The illicit consecration of four bishops by traditionalist Archbishop Marcel Lefebvre grieves the entire Roman Catholic community, the Most Rev. William K. Weigand, bishop of the Salt Lake diocese, said at a press conference this week.
Lefebvre, who has rebelled against the church's Second Vatican Council reforms of 1962-65, was excommunicated by Rome following the consecration ceremony held in Switzerland Thursday.A statement from the Vatican condemned the act as a schism, something unseen within the church for over 100 years.

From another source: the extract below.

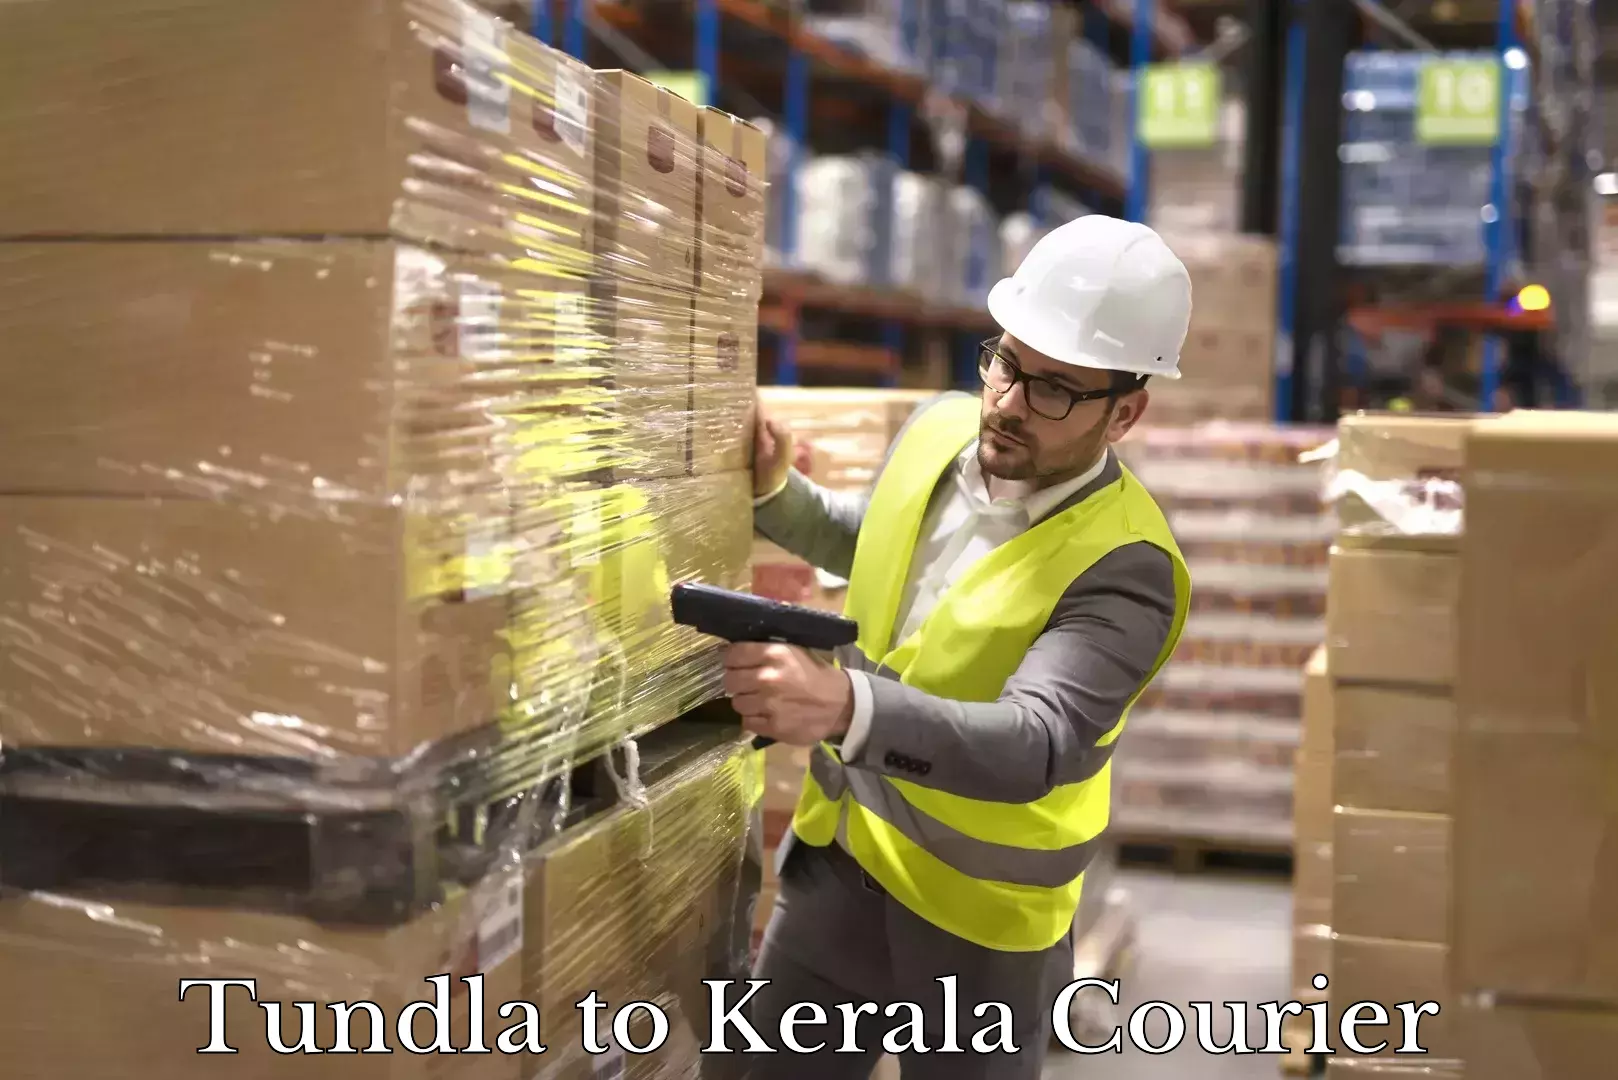 Next-day freight services Tundla to Kerala

Weigand said he was saddened by the choice Lefebvre made, accepting dismissal from the church instead of conforming to its doctrine.
"The archbishop sees the world from his own perspective," said diocese spokeswoman Sister Margaret Spechschulte. "The church doesn't try to silence its critics or say it isn't open to criticism, but this is canon law."
The 82-year-old Lefevbre has spoken out in opposition of the modern Mass, celebrated in the local language, in favor of the 16th century Tridentine Latin rite. He also has rejected the church's formal recognition of other religious faiths.
The consecration of the bishops, along with the ordination of several priests, was an attempt by the aging archbishop to continue his traditionalist movement, he said in a homily prior to the ceremony.
Pope John Paul II sent Lefebvre a telegram Wednesday urging him to change his mind. Sister Margaret said the Vatican had attempted to avoid a break with the archbishop up until the final act of disobedience.
"This was the last straw," she said.